1. A system for cutting at least one glass sheet comprising: a first mirror comprising a first reflective surface;a second mirror comprising a second reflective surface that is spaced from and opposes the first reflective surface, and wherein the first reflective surface and the second reflective surface define a cavity therebetween;a laser configured to emit a beam into the cavity, wherein the beam is reflected off of at least the second reflective surface a plurality of times to form a plurality of reflected beams; andmeans for translating the at least one glass sheet through the cavity in a machine direction.

2. The system of claim 1, wherein the first reflective surface is concave relative to the cavity and has a first radius of curvature, and wherein the second reflective surface is concave relative to the cavity and has a second radius of curvature.

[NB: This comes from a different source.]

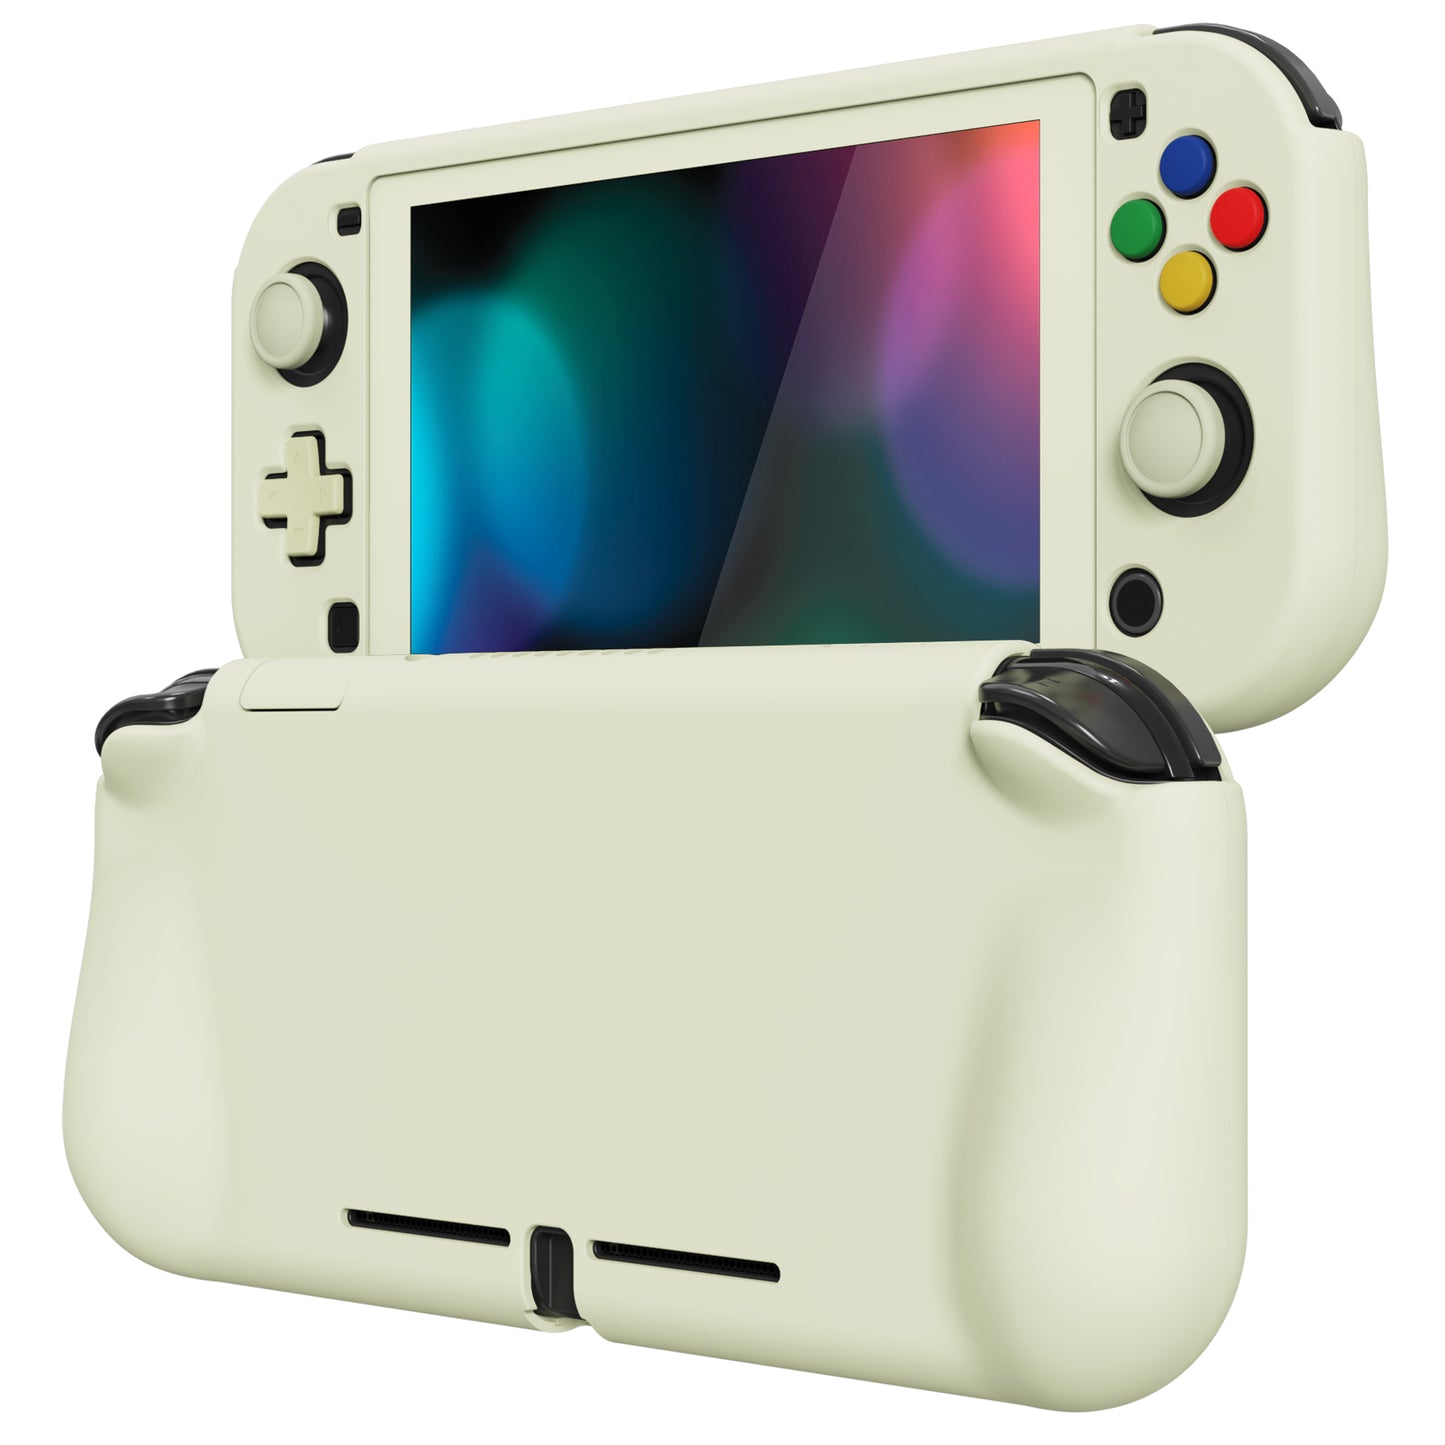 PlayVital ZealProtect Protective Case for Nintendo Switch Lite, Hard Shell Ergonomic Grip Cover for Nintendo Switch Lite w/Screen Protector & Thumb Grip Caps & Button Caps - Antique Yellow - PSLYP3006 playvital

3. The system of claim 2, wherein the second reflective surface is spaced from the first reflective surface at a predetermined distance that is substantially equal to or less than the sum of the first radius of curvature and the second radius of curvature.

4. The system of claim 2, wherein the first radius of curvature is less than the second radius of curvature.

5. The system of claim 2, wherein at least one of first radius and second radius of curvature is selected such that the beams reflected off of the second reflective surface define a common focus point.

6. The system of claim 1, wherein the plurality of reflected beams define a beam path plane.

7. The system of claim 6, wherein the means for translating is configured to translate the at least one glass sheet through the cavity to and through a first position in which the plane of the glass sheet and the beam path plane define a common axis comprising the common focus point, wherein in the first position the glass sheet plane defines a predetermined angle with respect to the beam path plane and a predetermined complementary angle with respect to a third plane that comprises the common axis and is transverse to the beam path plane.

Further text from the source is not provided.